THE GWAUN Valley's Ysgol Llanychllwydog is set to lose its title of the only school in Wales without broadband, with the announcement of a £200 million UK-wide scheme which will help bring superfast broadband to rural areas.

The Rural Gigabit Connectivity (RGC) programme, launched on Sunday (May 19), is the first step on a two-year programme to rollout gigabit-capable full fibre broadband to the most rural and remote locations in the UK.

The RGC Programme will trial a model connecting local hubs in rural areas, starting with primary schools. Ysgol Llanychllwydog has been identified as one of the first 31 schools across the UK eligible for a connection under the scheme.

These new speeds will enable whole classes to simultaneously surf the internet on tablets as part of structured lessons and gives schools easier access to online training and educational learning.

Once Ysgol Llanychllwydog is connected, it will act as a 'hub', helping bring superfast broadband to the wider community.

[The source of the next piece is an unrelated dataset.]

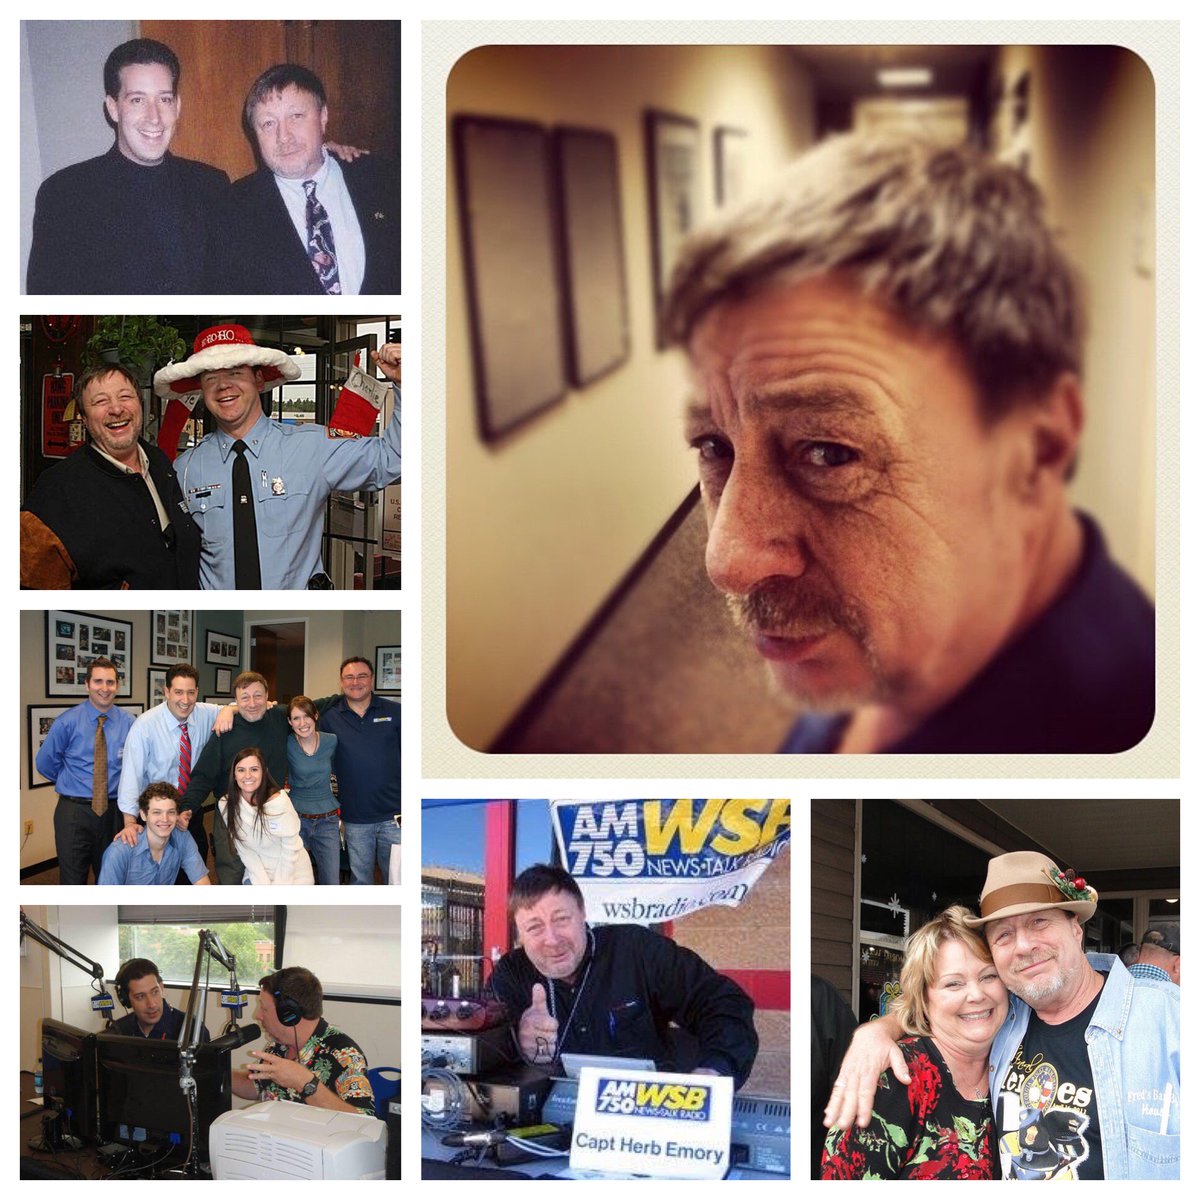 It is hard to believe but four years ago today I lost my mentor and friend and Atlanta lost an icon. We miss @CaptainHerbWSB every day. Please share your favorite Captain Herb memory. I'd love to read them today. #RememberingCaptainHerb

This new approach will help ensure that the 10 per cent of premises unlikely to receive gigabit-capable connections commercially by 2033, are reached at the same time as the commercial roll out happens across the UK.

The news has been welcomed by Preseli MP Stephen Crabb.

"This is excellent news for both Ysgol Llanychllwydog and the wider Gwaun Valley community," he said.

"Superfast broadband and education now go hand in hand, and the school will be happy to shake off the tag as the only school in Wales without broadband.

"I have continually raised the issue of broadband with ministers in Parliament and I am pleased they have listened. It highlights the Government's commitment to ensuring all of the UK is connected to superfast broadband."

The RGC programme also has a rural gigabit broadband voucher component, offering up to £3,500 for small businesses and up to £1,500 for residents. This will be offered to encourage greater take-up of gigabit-capable connectivity to residents and businesses in rural areas.